In Buffon's experiment, a needle of length L is dropped
onto a plane ruled by a series of parallel lines separated
by a distance D. This could be a plank floor, for example.
If the experiment is conducted repeatedly, and the position
of the needle is indeed random after each drop, we can
determine a probability of the needle touching or intersecting
a line. This probability P would be the number of intercepts,
NI, divided by the number of trials, NT.
To simulate this test in software, we need to randomly
assign a position on the 'floor' for each trial. This has
been done by specifying the perpendicular distance of the
midpoint of the needle, M, relative to a line, and an angle,
THETA, that represents the direction the needle is pointing.

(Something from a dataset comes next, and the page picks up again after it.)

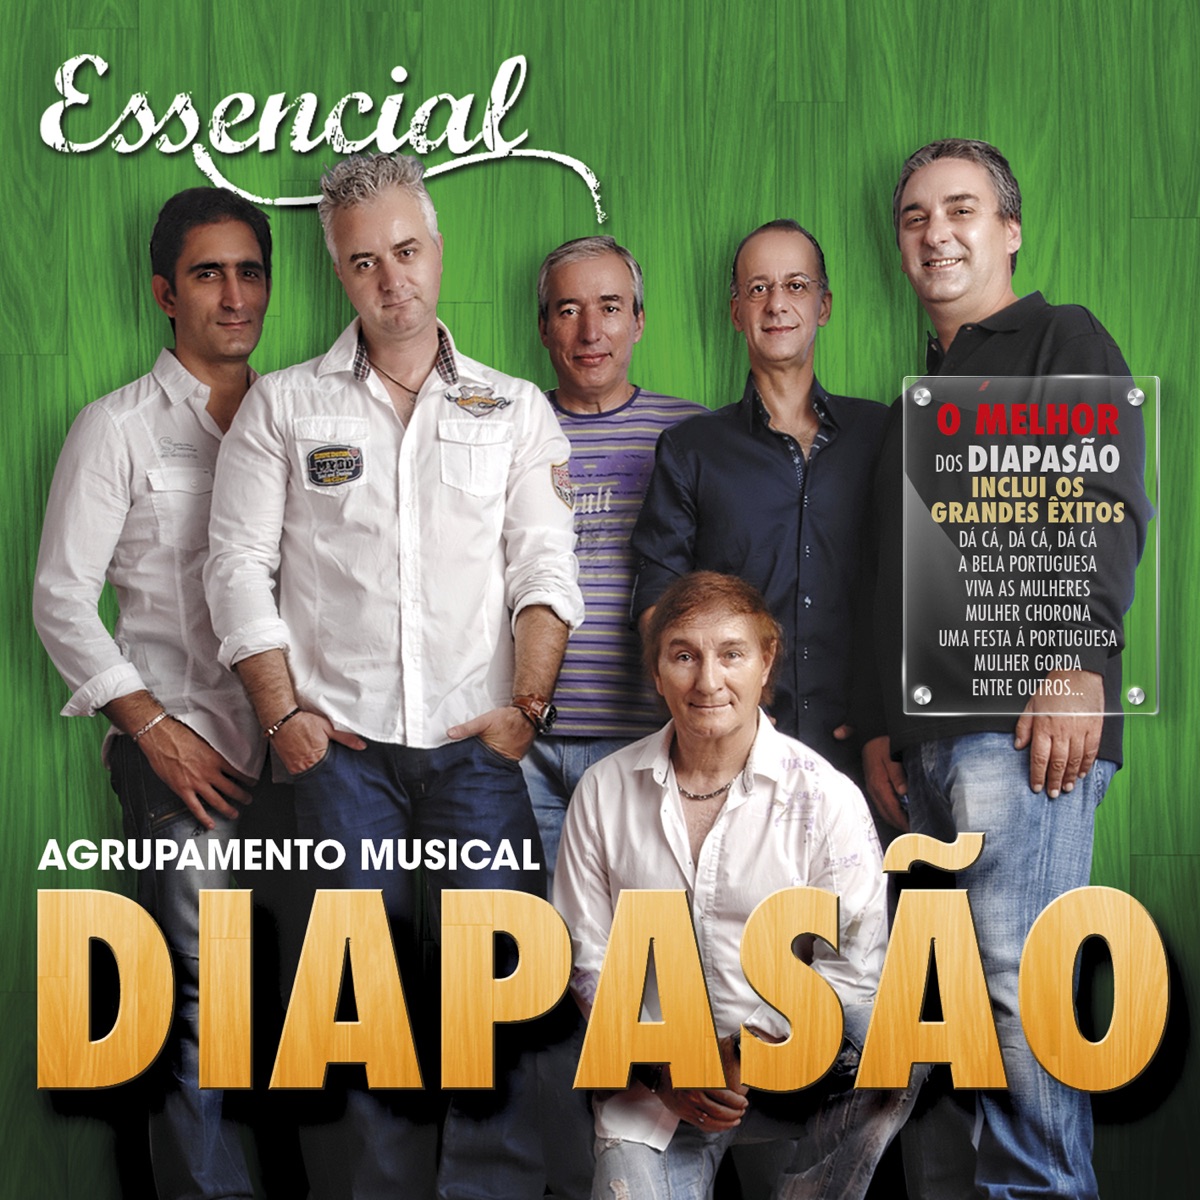 Diapasão Mix 3 - Album by Agrupamento Musical Diapasão - Apple Music

The sample space for this model can be reduced or simplified by
noting that the distance between only two lines need be
considered, as all other lines are merely duplicates of this
situation. And, since the random position is symmetric, only
half the distance between two lines needs to be modelled.
Thus, if M represents the midpoint of a needle, and A
is the distance from M to the line, the angle THETA can be
used to calculate the vertical projection of the needle over
the line. This distance is (L/2)*sin(THETA). If this distance
is less than A, then the needle indeed crosses the line.
In the software model, position A is chosen randomly from
0 < A < (D/2), in one-half a plank space. THETA is chosen
randomly from 0 < THETA < Pi, a half circle, because the
remainder of the circle is a duplicate situation (needle is
merely reversed). The vertical projection is calculated, and
if this distance is less than A, NI is incremented. After
NT trials, the probability P is NI/NT.
So how does this experiment come up with an approximation
for Pi?? It can be shown [but not here 😉 ], that the
theoretical solution to the needle problem is:
P = (2*L)/(Pi*D)
In the simulation we determine P, and L and D are specified,
thus we can calculate a value for Pi as:
Pi = (2*L)/(P*D)
Using a relatively large number of trials, say 10,000, and
relying on the somewhat suspect randomness of the 'random()'
statement in code, approximations for Pi withing 1% are common.